Joanna decidió contar al señor Sage y la señora Troudtheim una descripción detallada de los procedimientos la próxima vez que fueran sometidos a la prueba. Y no deberían quedarse tendidos allí largo rato sin tener ni idea de qué pasaba, se dijo, esforzándose por oír voces o pasos o lo que fuera. Se preguntó si Tish y Richard se habrían ido a la Hora Feliz. No, habría oído cerrarse la puerta. ¿Podría haberle puesto Tish los auriculares sin que se diera cuenta?

—¿Todo listo? —dijo bruscamente la voz de Richard en su oreja izquierda, y ella tanteó a ciegas en busca de su brazo—. ¿Seguro que quieres hacer esto? —preguntó Richard, preocupado, y la ansiedad de su voz hizo que la de Joanna se desvaneciera por completo.

—Estoy segura —dijo, y sonrió en lo que esperaba fuese su dirección—. Estoy decidida a resolver el misterio del zumbido o el timbrazo de una vez por todas.

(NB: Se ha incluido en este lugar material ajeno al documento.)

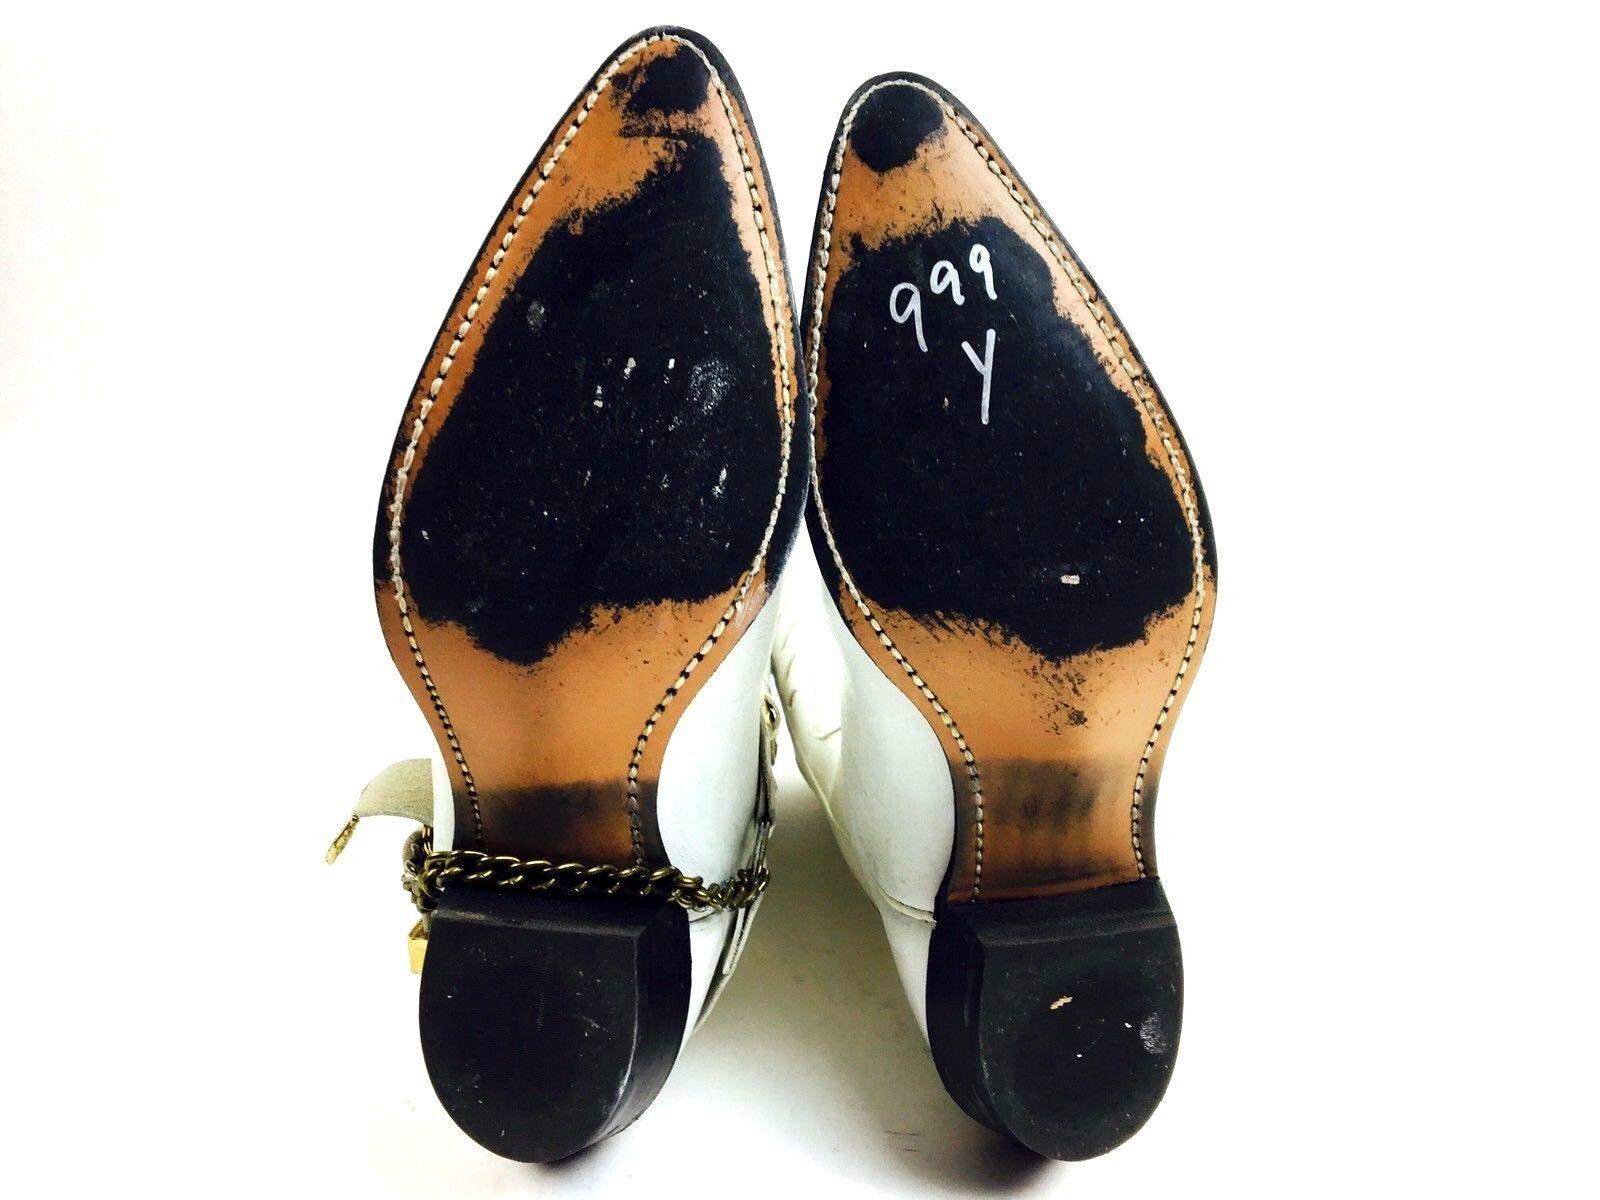 White Cowboy Boots Women's Shoes Women's Boots He… - image 7

—Muy bien. Tal vez no veas gran cosa. A veces hacen falta un par de intentos para conseguir la dosis adecuada.

—Lo sé.

—¿Estás segura de lo que vas a hacer?

—Estoy segura —dijo ella, y era verdad—. Empecemos. Le soltó el brazo.

—Muy bien —dijo él, y alguien (¿Richard?, ¿Tish?) le colocó los auriculares. Joanna se relajó con el silencio del ruido blanco y la oscuridad, esperando a que el sedante hiciera efecto. Inhaló profundamente. Dentro. Fuera. Dentro. Fuera. “No está funcionando”, pensó, y oyó un sonido.

“Tish no me ha puesto bien los auriculares”, pensó.

—Richard —empezó a decir, y advirtió que no estaba en el laboratorio. Estaba en un espacio estrecho. Notaba las paredes a cada lado. “Un ataúd”, pensó, pero era demasiado ancho, y estaba de pie. Miró su cuerpo, pero no pudo ver nada, el lugar estaba completamente oscuro. Alzó la mano delante de la cara, pero tampoco pudo verla, ni sentir el movimiento de su brazo.

“No puedo ver a causa del antifaz”, pensó, y trató de quitárselo, pero no lo llevaba puesto. Llevaba sus gafas. Se palpó la frente. No había electrodos en su cabeza, ni auriculares. Se palpó el brazo. No había ninguna intravenosa.

“Estoy en la ECM —pensó—, en el túnel”, pero eso tampoco era cierto. No era un túnel. Era un pasillo. “¿Puedes ser más específica?”, se preguntó en silencio, y miró a su alrededor en la oscuridad.

“Es estrecho”, pensó, sin tener ni idea de por qué lo sabía. O de por qué sabía que había paredes a cada lado, que no las había delante o detrás y que el techo era bajo. Miró hacia el techo invisible, deseando que sus ojos se acostumbraran, pero la oscuridad continuó siendo absoluta. ¿Y cómo sabía que no era el techo de un túnel?

Miró al suelo, que tampoco pudo ver, y tanteó con el pie.